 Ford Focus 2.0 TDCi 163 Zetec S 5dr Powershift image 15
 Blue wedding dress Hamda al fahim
= = = = =
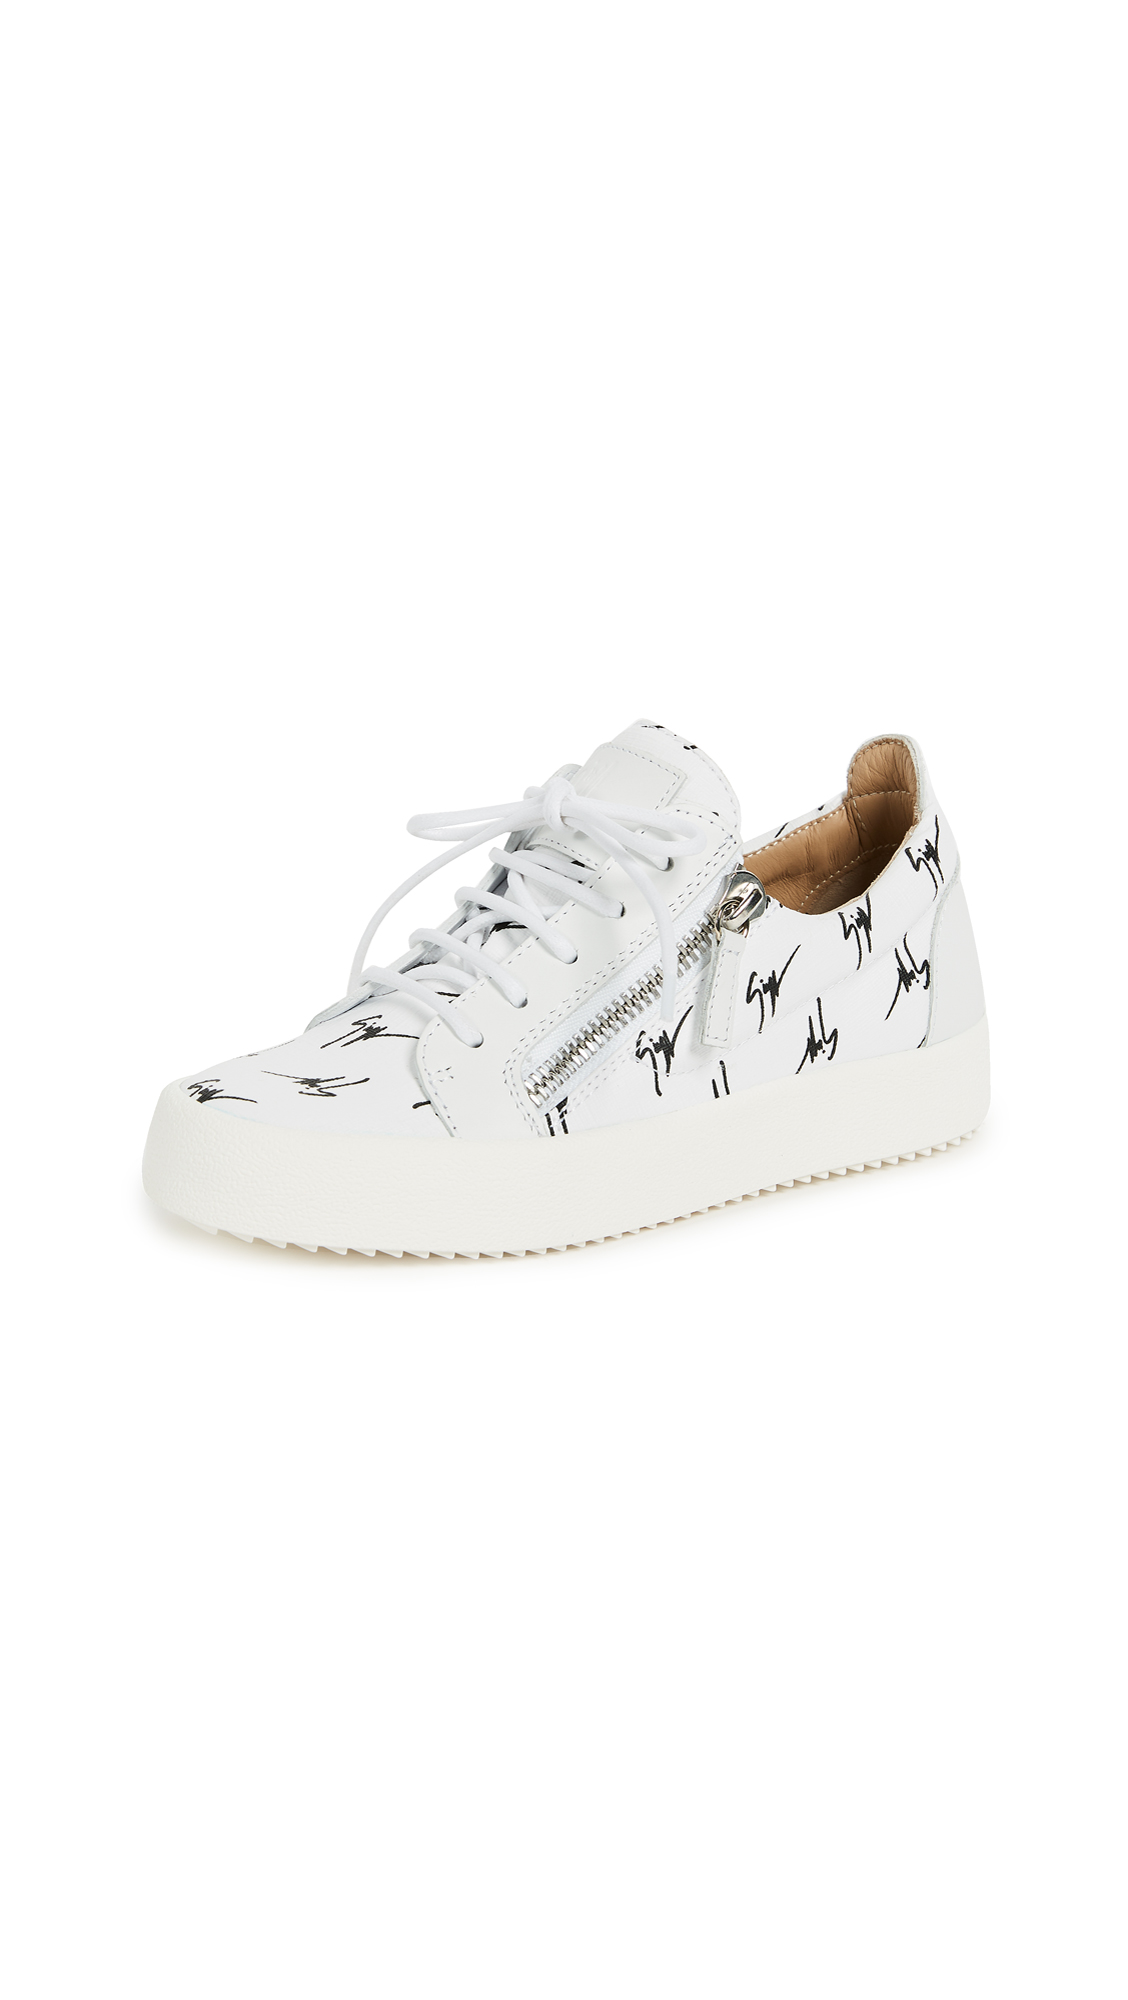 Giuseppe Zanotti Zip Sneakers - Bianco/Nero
= = = = =
WORK REQUIRED:
Working from the records above, write out verbatim only the lines from the line containing "Ford Focus 2.0" through the line containing "Blue wedding dress Hamda al fahim".

ANSWER TO THIS TASK:
 Ford Focus 2.0 TDCi 163 Zetec S 5dr Powershift image 15
 Blue wedding dress Hamda al fahim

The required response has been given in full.